What makes the Ross Sea special is it’s an area where we have a lot of nutrients but not much phytoplankton growth. Phytoplankton are very small-celled plants in the ocean. They provide a tremendous amount of oxygen to the planet and in the Ross Sea they bloom, provide a food source for zooplankton and other animals in the ecosystem up in the upper parts of the ocean. Once they are consumed or die they fall down to the deeper parts of the ocean. And that’s a way to take carbon and move it down to the depths before it settles on the bottom in the sediments.

Phytoplankton are plants, so they need nutrients to grow. Instead of getting those nutrients from the soil they get them from the ocean around them.
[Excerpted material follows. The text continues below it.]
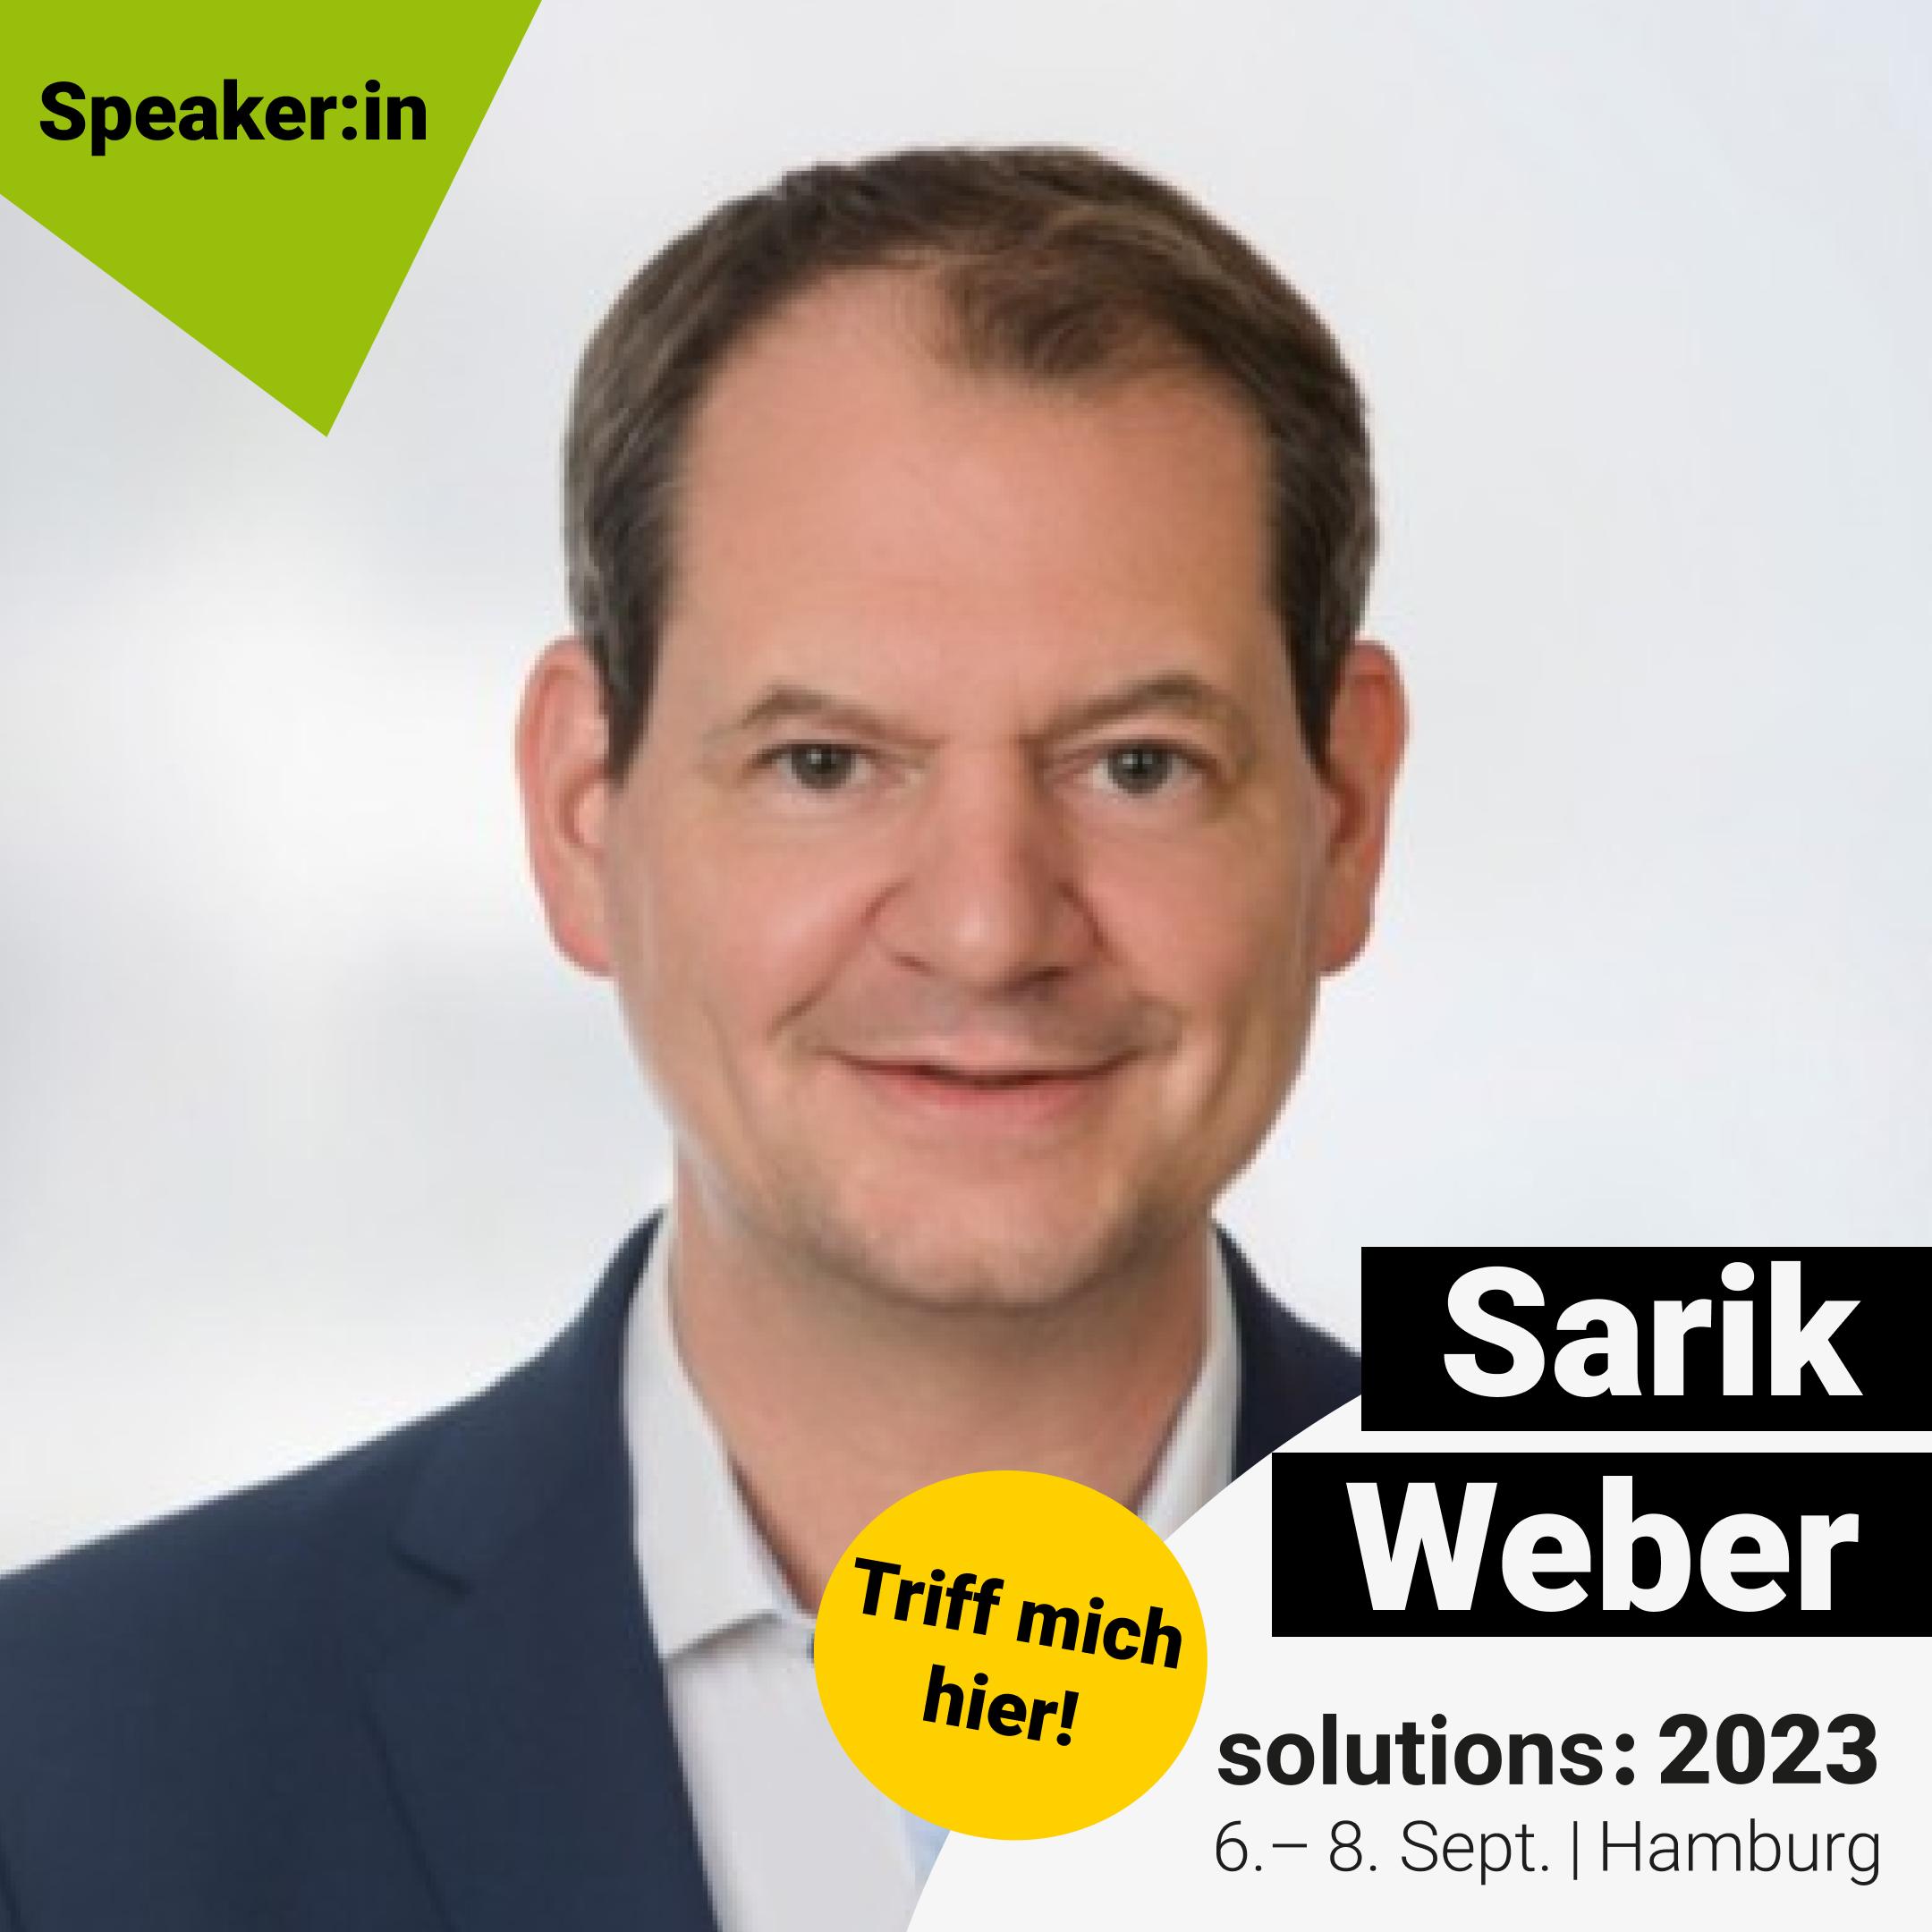 Image of Sarik Weber - solutions: 2023
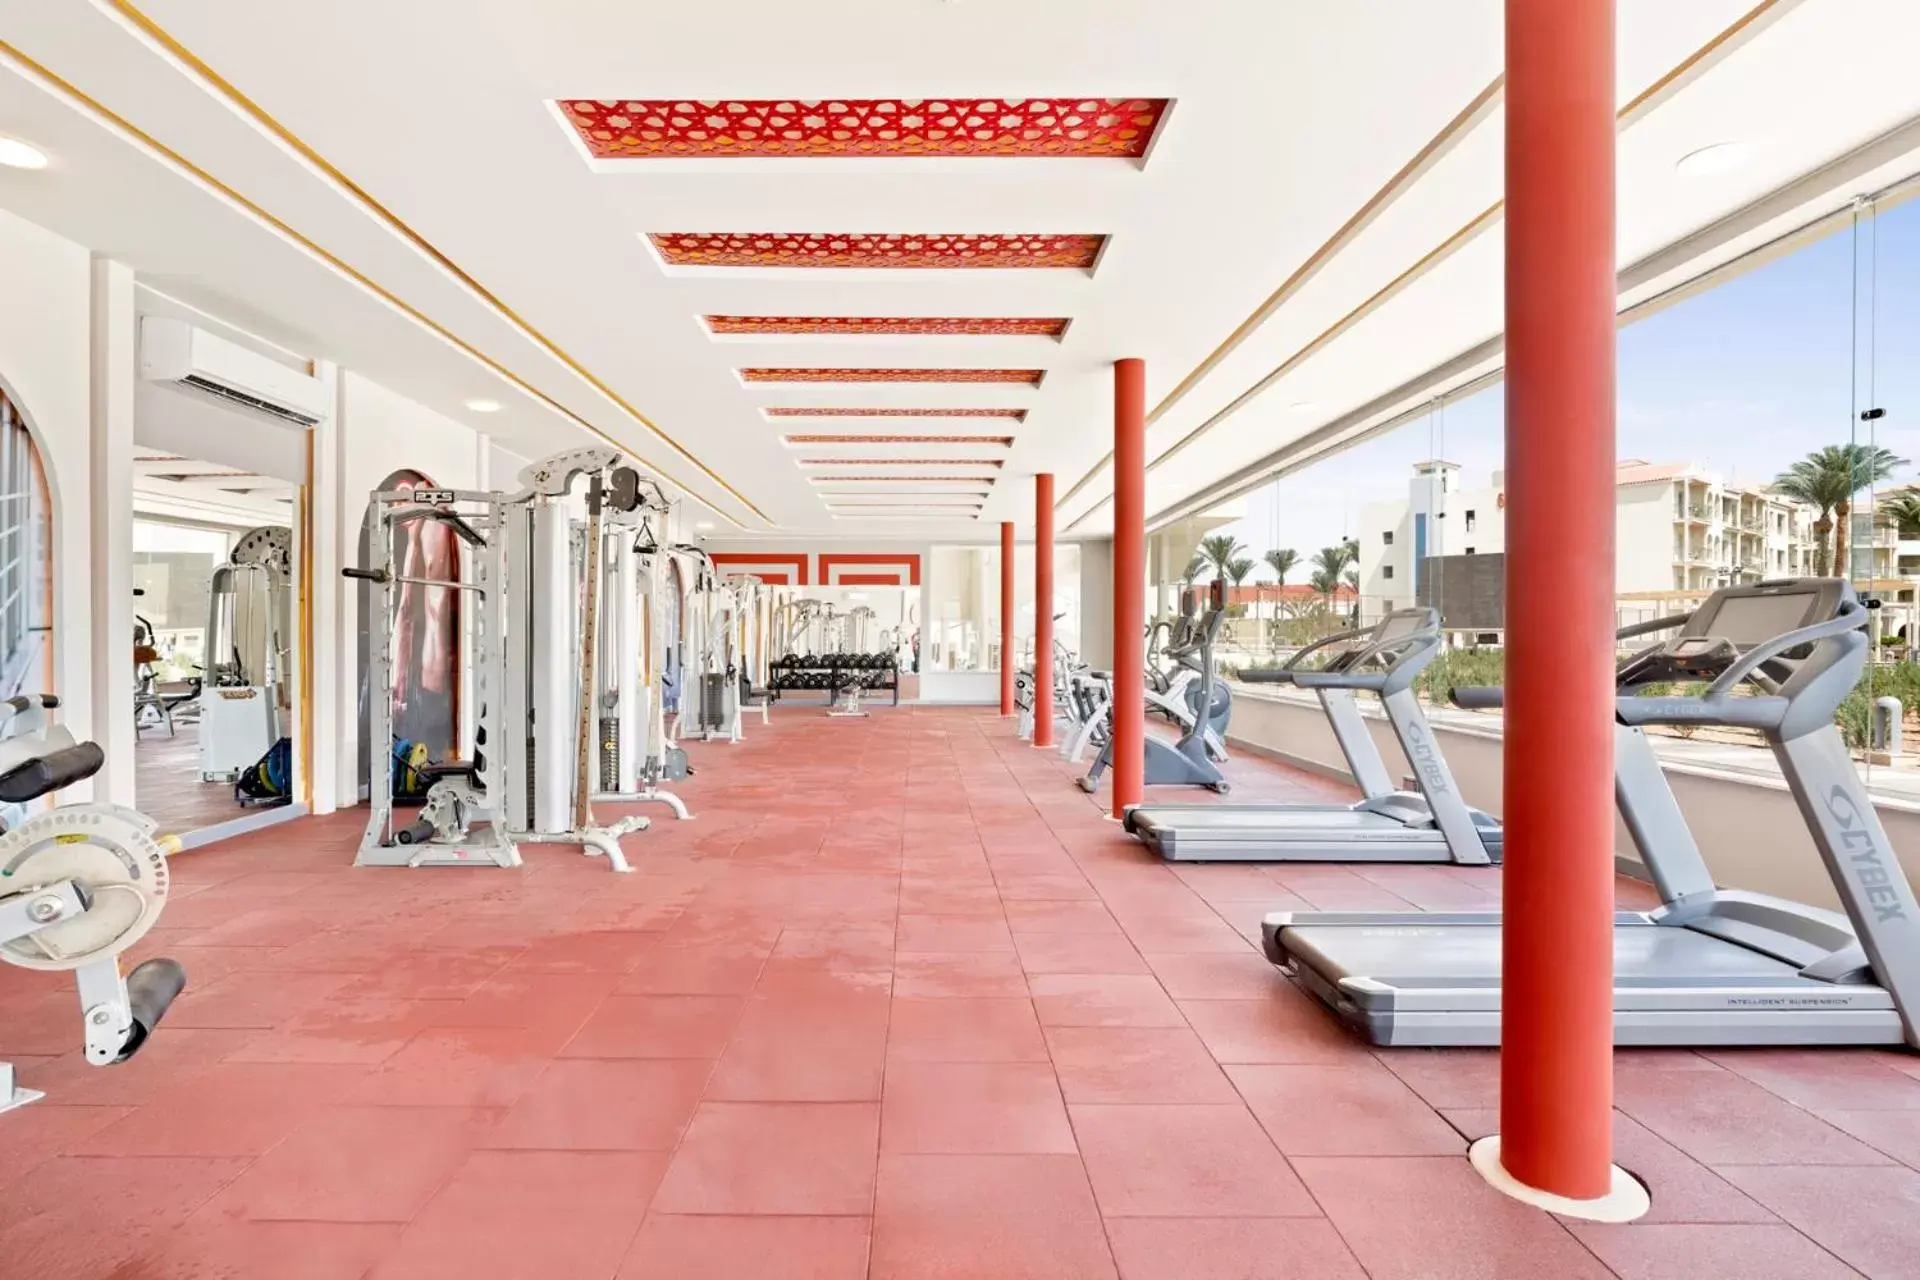 Fitness centre/facilities, Fitness Center/Facilities in Pickalbatros Dana Beach Resort - Hurghada

They also need sunlight, so in order for a phytoplankton to grow it needs to be up in the upper parts that can feel the sun and they also need that Miracle-gro of the ocean, which is the nutrients, nitrate, phosphate, those different things that allow the phytoplankton to grow.

The analogy that we like to use is that they are like vitamins that we would take to supplement the energy that we get from our food. In the same way, phytoplankton need iron to build some of the tools that they have to photosynthesize. In the area of the Ross Sea, we have plenty of nutrients and when the phytoplankton are up near the surface of the ocean they have plenty of light in the summer months. What they don’t have often are nutrients like iron.

One of the big questions we are looking to understand and address is where is that iron coming from, is it coming from the sediments, is it coming from the bottom of the Ross Sea, is it coming from this deep water that comes from the circumpolar current, comes up and actually enters the Ross Sea from offshore. Where is this iron coming from?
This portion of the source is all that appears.